Not every storm was meant to break ya’
… there are moments in life when the world splits into two groups …
People who jump ship
vs.
People who stay the course
Leaving isn’t shameful. Often it’s the right call - especially if it is inline with your tolerance for risk. When others step away, a rare opportunity opens for the person who remains. That window is not just about persistence.
It’s about building conviction
Conviction is different from stubbornness. It comes from asking questions that are easier to skip:
Where exactly am I?
Where exactly was I before this?
Can I still get to the place I thought I was headed?
These questions forced me to re-evaluate direction and motive. They have driven me to redraw maps to match the terrain I find myself on. Some destinations, I believe are still worth reaching and I’m building even more conviction. Now I can feel that I will get there because I’ve recommitted to the journey with clearer principles and sharper eyes.

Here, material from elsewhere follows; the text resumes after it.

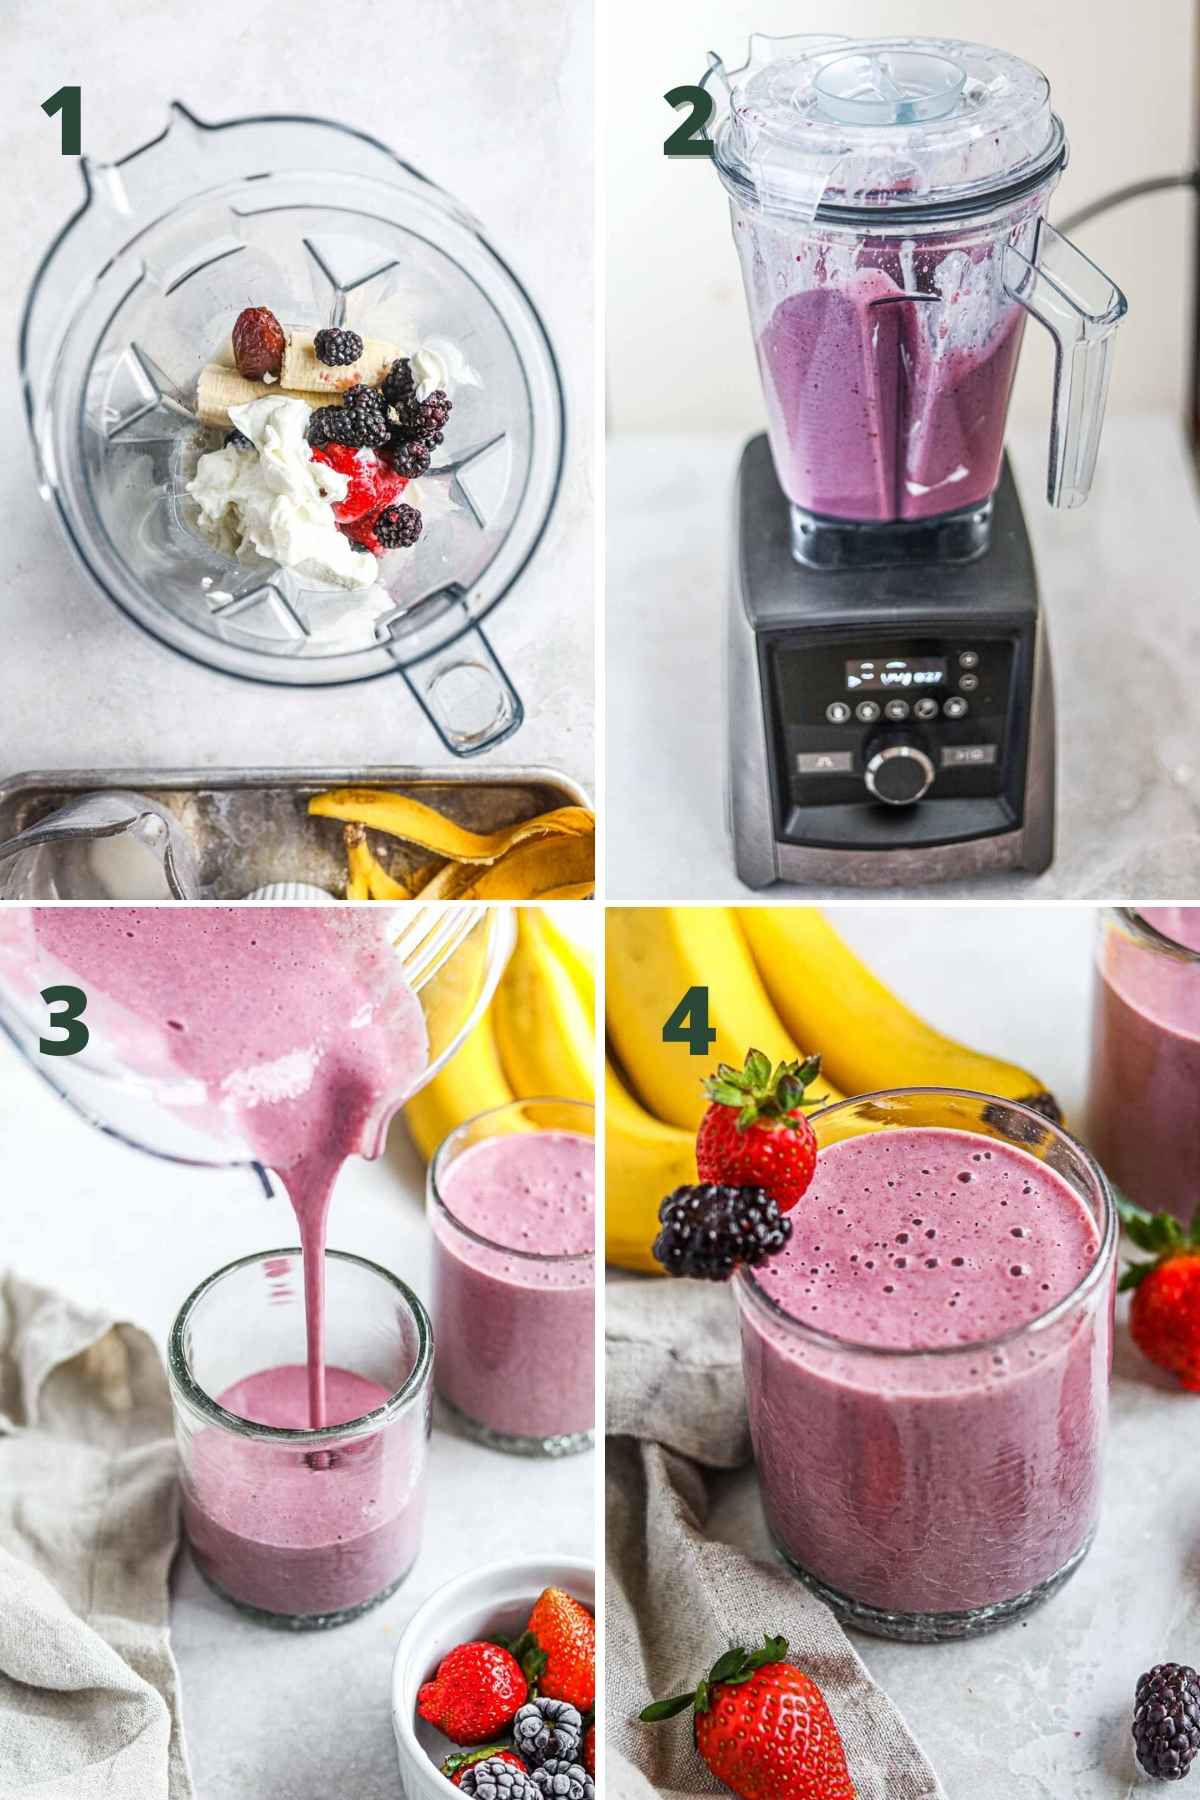 Steps to make blackberry strawberry banana smoothie, including adding the ingredients to a blender, blending on high, serving in glasses, and garnishing with berries.

Recommitment starts with First Principles
… until we’re left with what actually matters. Not limited to questioning our why, sometimes we develop new first principles.
Either way, we need to practice.
… choosing to experiment where others stop,
Choosing to accept short-term discomfort for long-term clarity
This is a golden time in your life.
People who jump ship aren’t bad for doing so; they simply had different risk tolerances over a different horizon. If we decided to stay the course, the decision to do so becomes more meaningful. We can learn things the others can’t - because they’ve left the field we are on.
We can develop insights born of deep exposure to the problem.
Our insights compound.
Building conviction when others have left gives us the chance to change our identity.
Alas, this is a lonely journey - it has to be, by design.
New Character
The slow accumulation of small repeated practices (e.g. 200 strong days at the gym in a year) become part of your new character over time. Testing assumptions starts to feel different when less people are watching (i.e. Remember, they have left the field). Failure is starting to feel more like joyful experimentation. “Oh fuck” moments feel less terrifying and more mechanical: recalibration.
When did you last examine your destination? Did you decide to keep going?